REQUIRED ACTION — Pictures do not belong in the copy, so please give every entry below again exactly.
++++ DATASET CONTENT
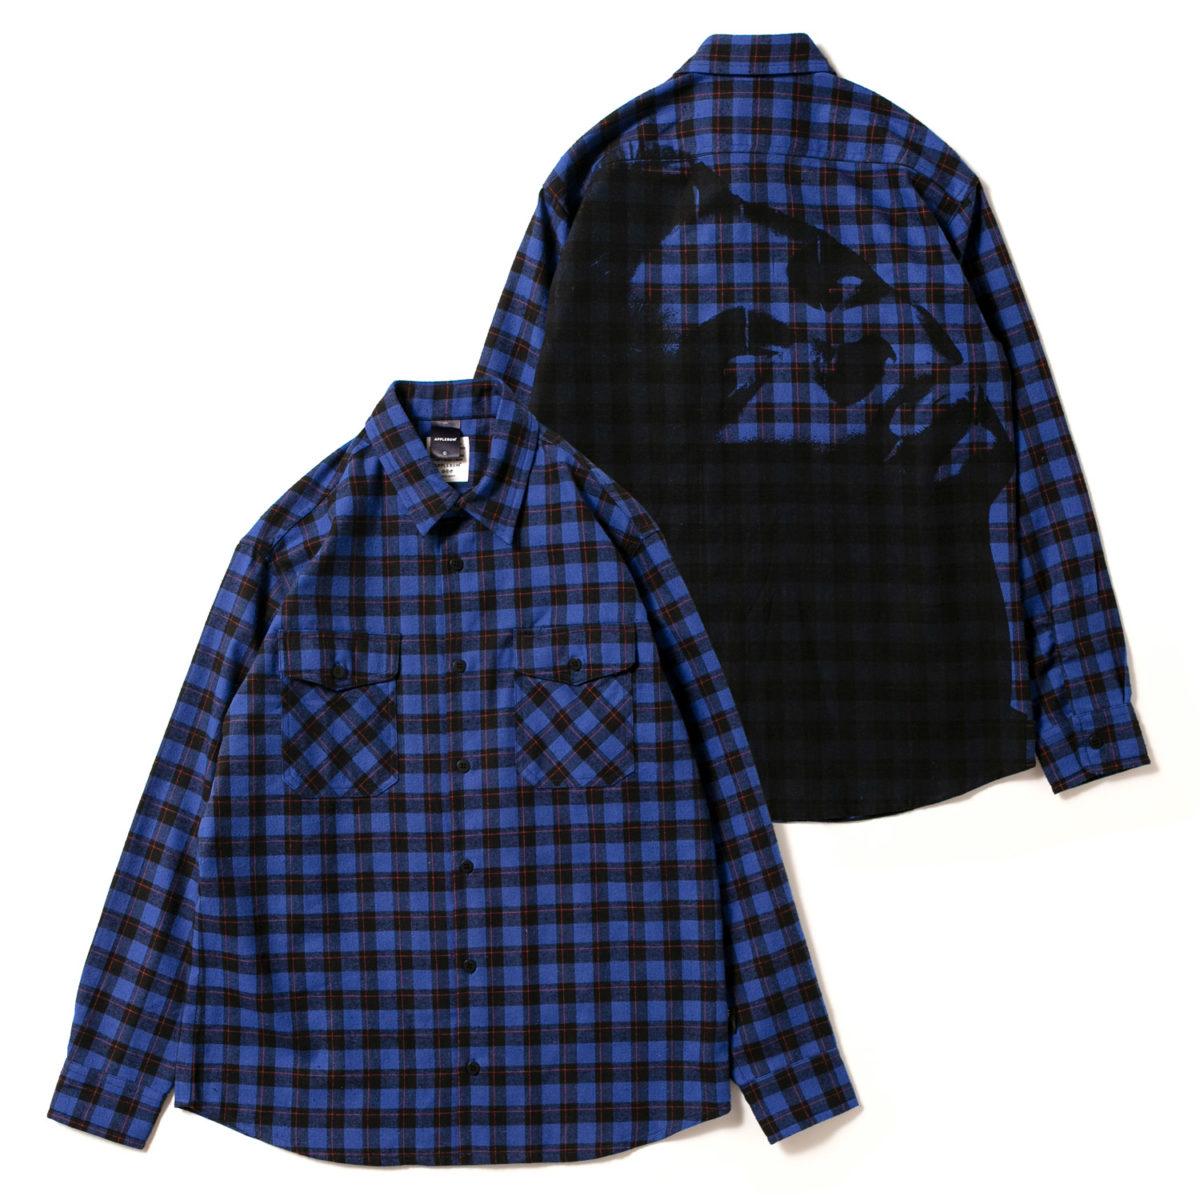 【嵐 衣装 松本潤さん】◆VS嵐 2020/1/16◆チェック柄ネルシャツ
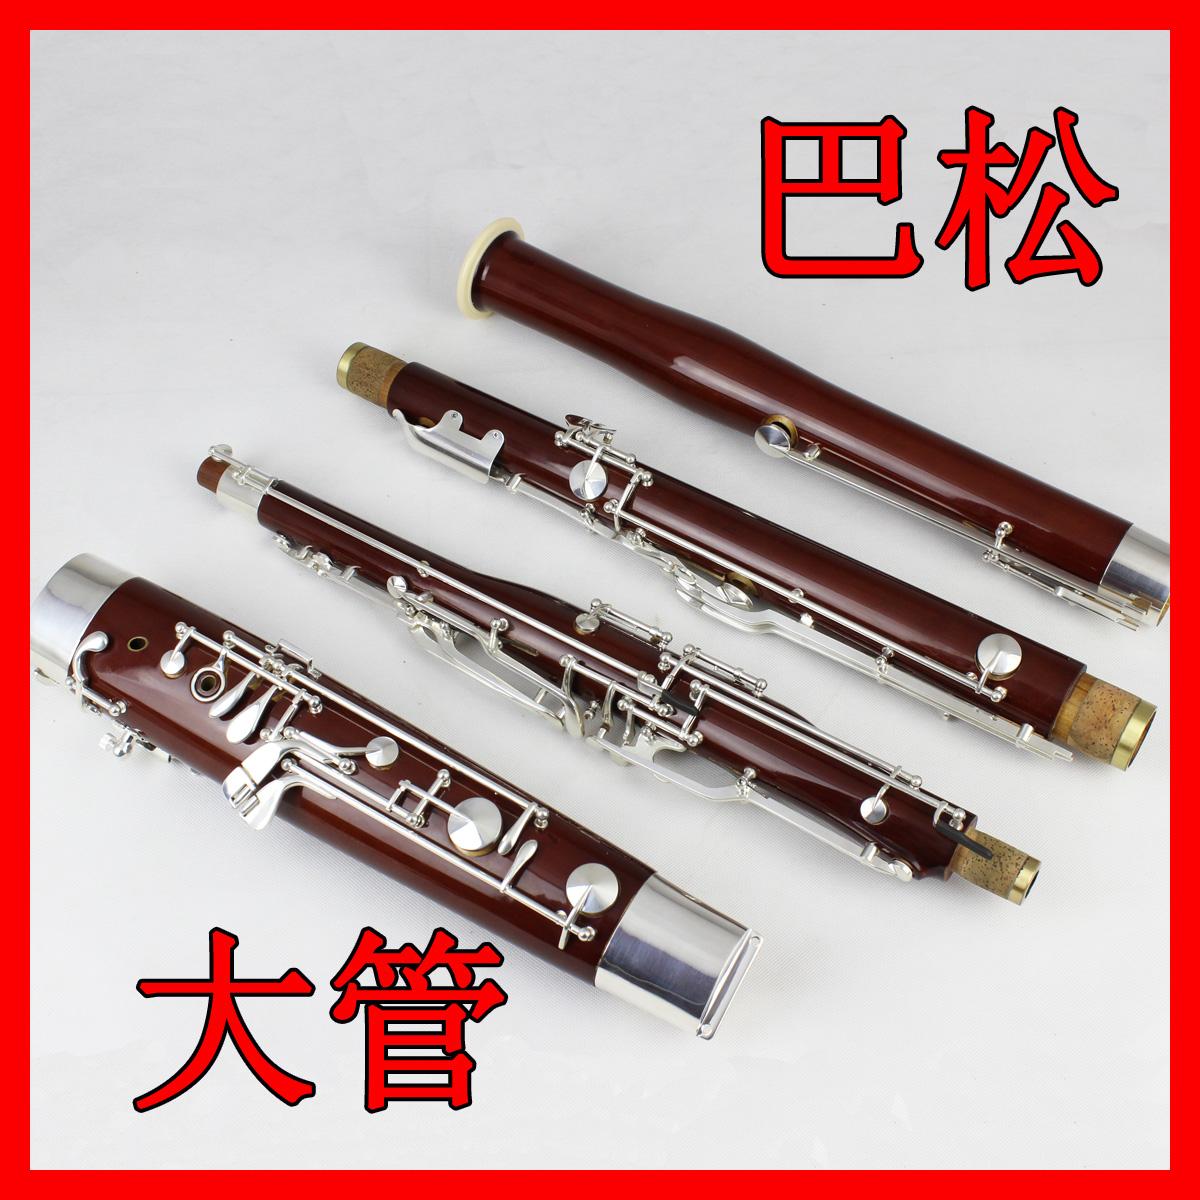 正品高档专业演奏乐团大管巴松低音大管双簧管镀银大管巴松管
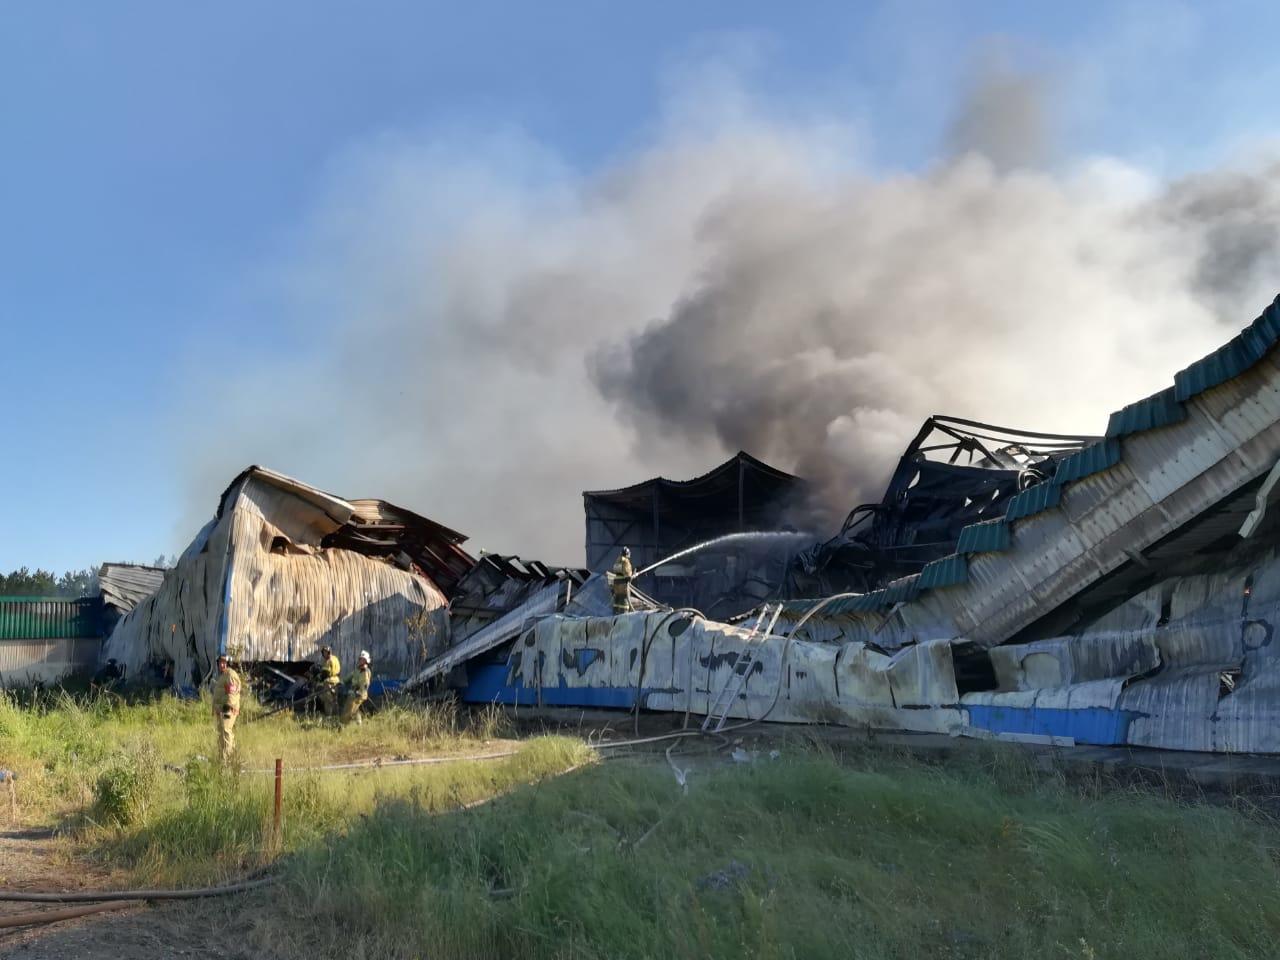 Эксперты и следователи разбираются причинах масштабного пожара предприятии Алтайский бройлер
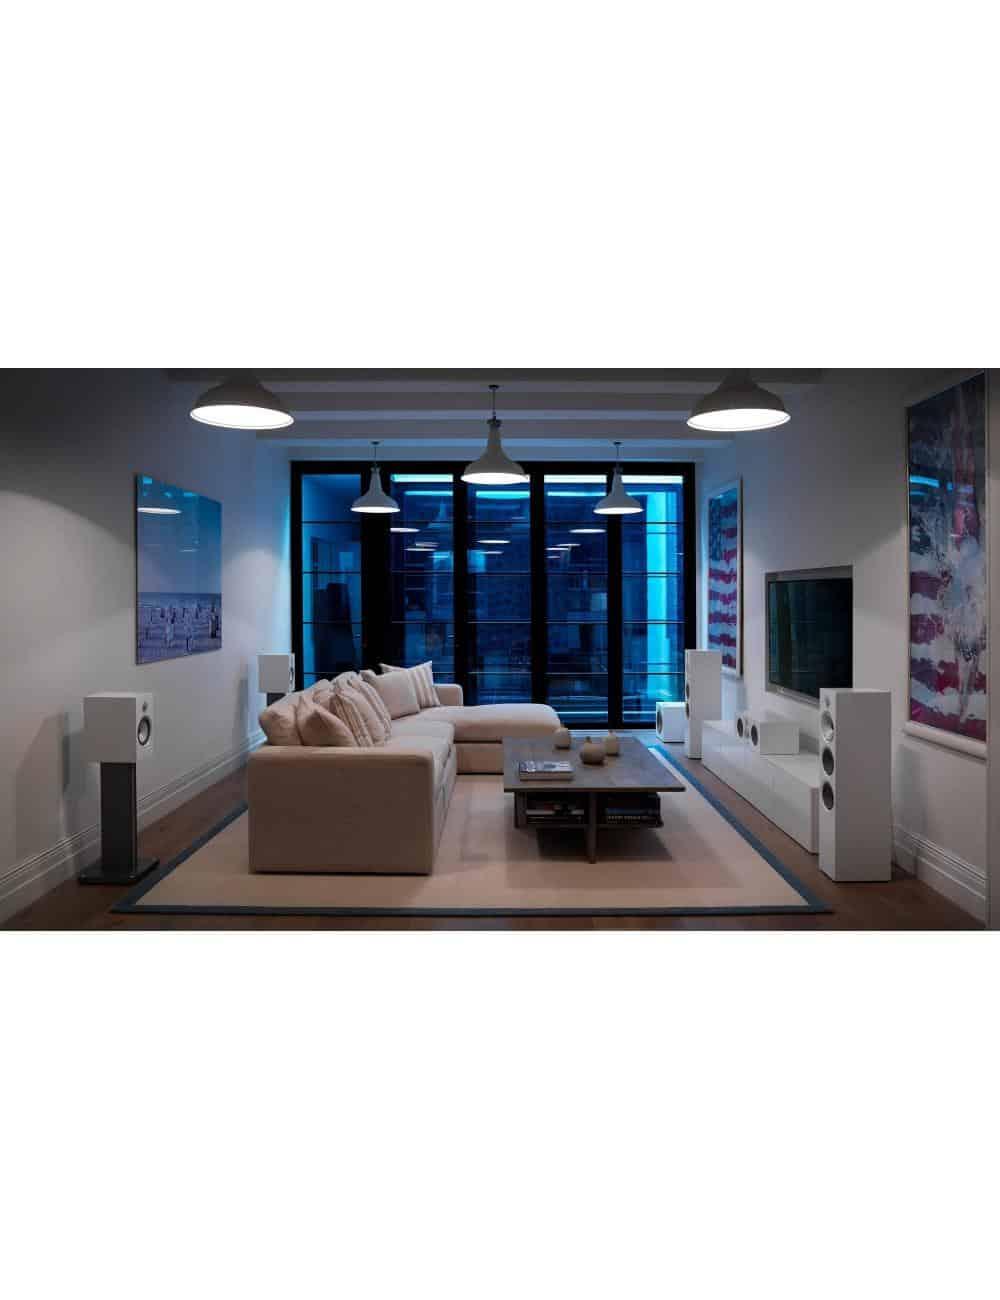 diffusori acustici da pavimento per hifi e home theater, Bowers & Wilkins 703, ambientazione
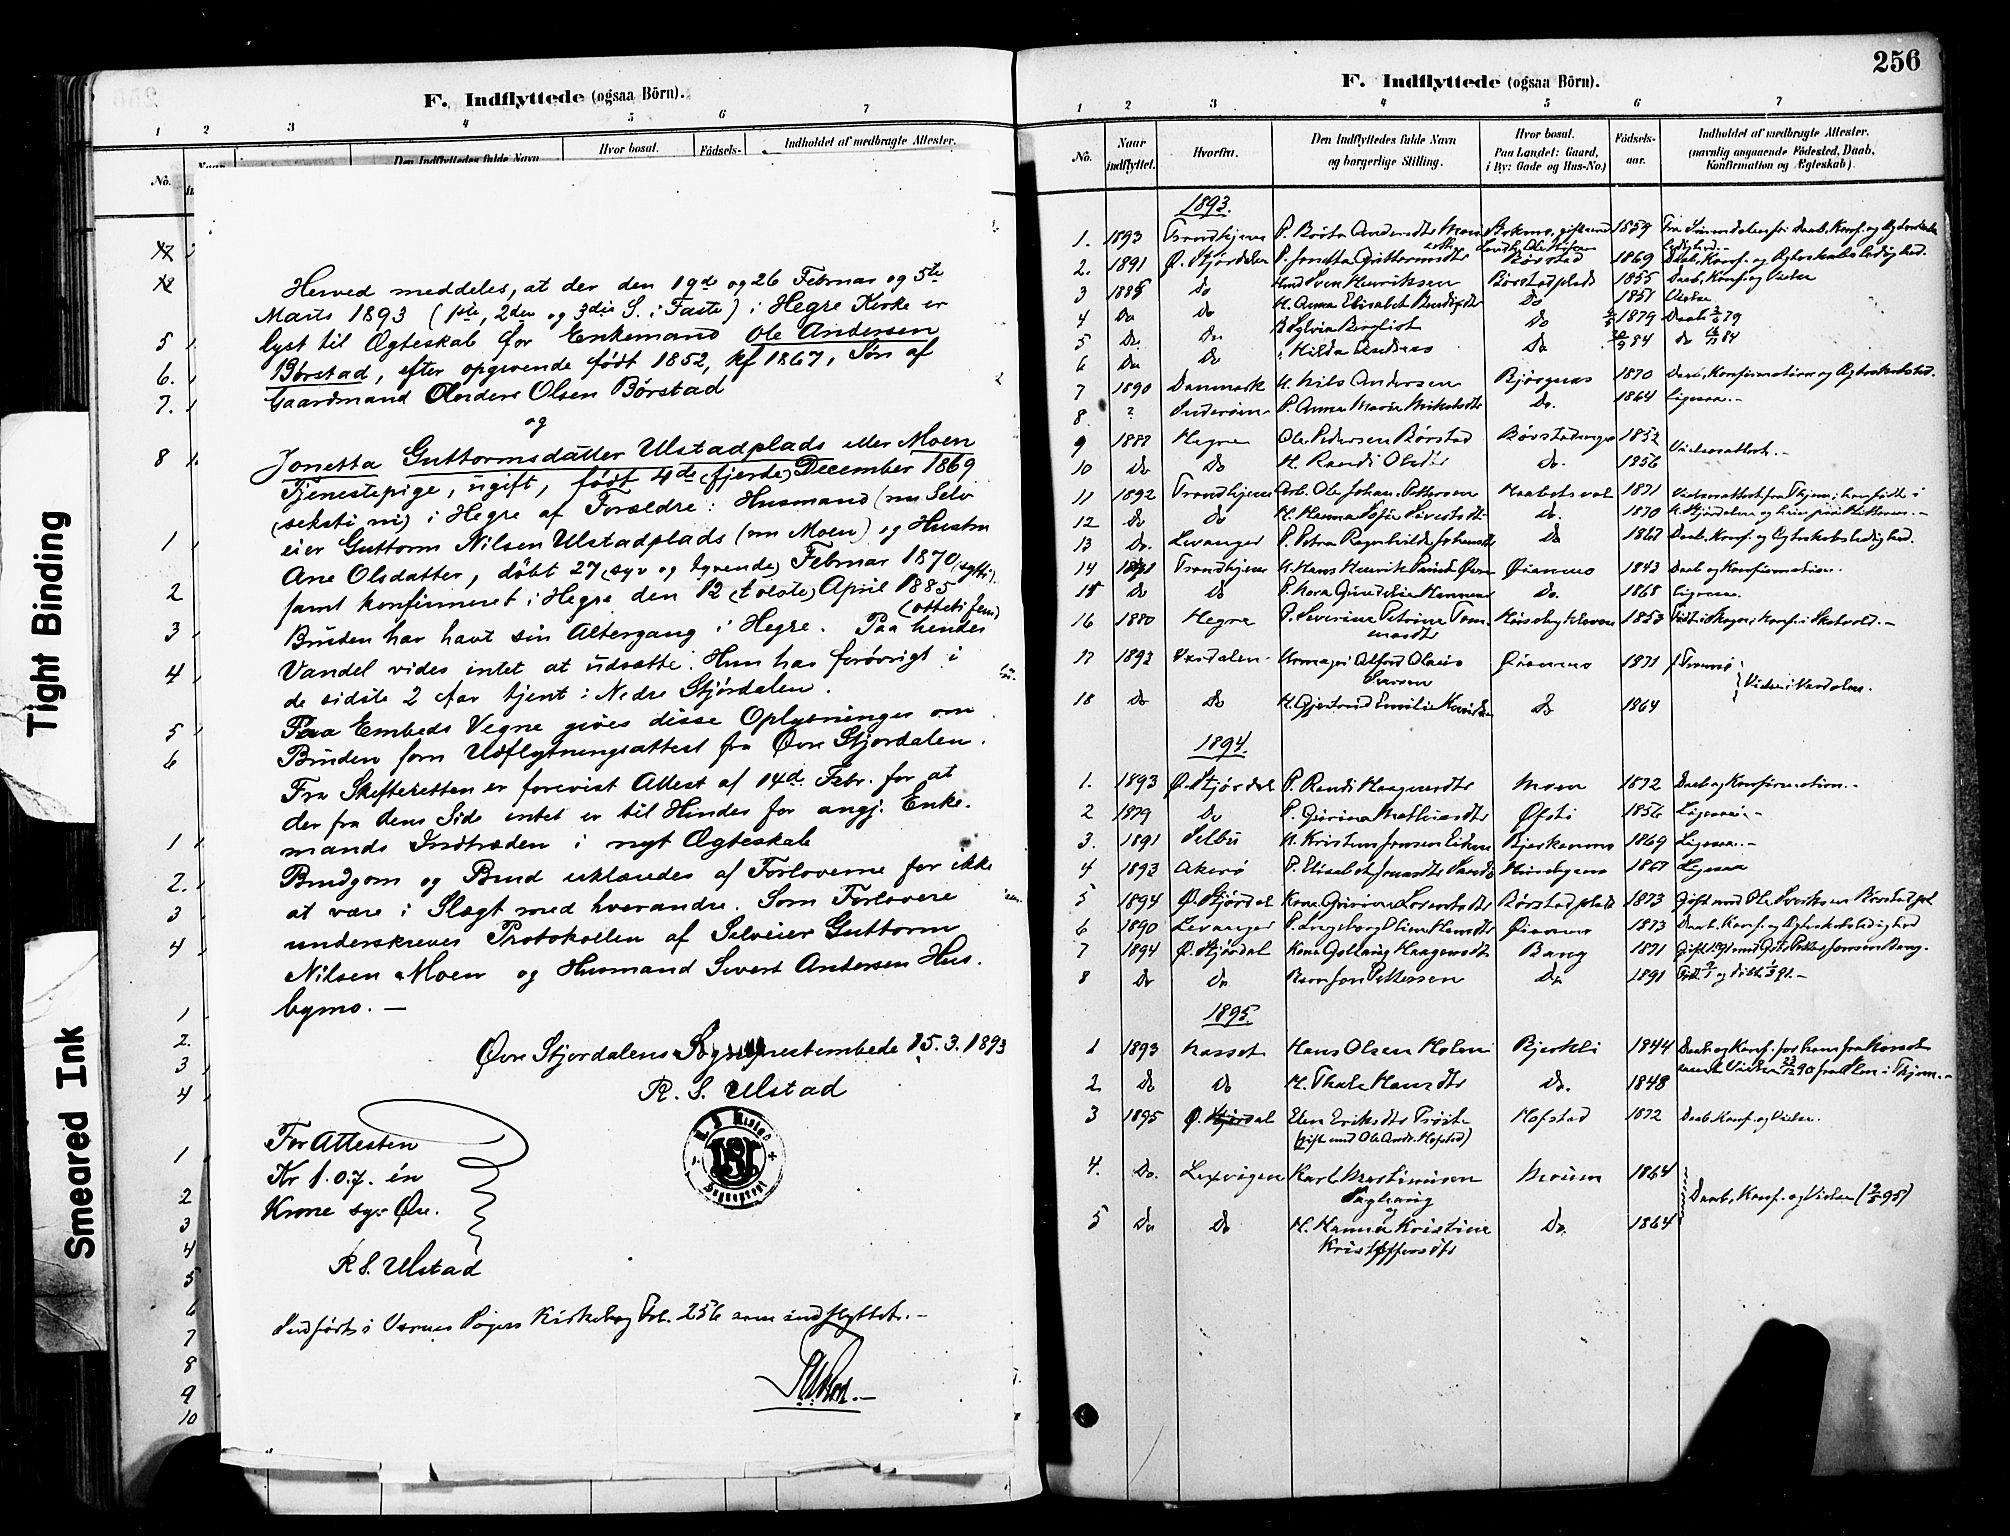 SAT, Ministerialprotokoller, klokkerbøker og fødselsregistre - Nord-Trøndelag, 709/L0077: Ministerialbok nr. 709A17, 1880-1895, s. 256
++++++++
SOLUTION —
 【嵐 衣装 松本潤さん】◆VS嵐 2020/1/16◆チェック柄ネルシャツ
 正品高档专业演奏乐团大管巴松低音大管双簧管镀银大管巴松管
 Эксперты и следователи разбираются причинах масштабного пожара предприятии Алтайский бройлер
 diffusori acustici da pavimento per hifi e home theater, Bowers & Wilkins 703, ambientazione
 SAT, Ministerialprotokoller, klokkerbøker og fødselsregistre - Nord-Trøndelag, 709/L0077: Ministerialbok nr. 709A17, 1880-1895, s. 256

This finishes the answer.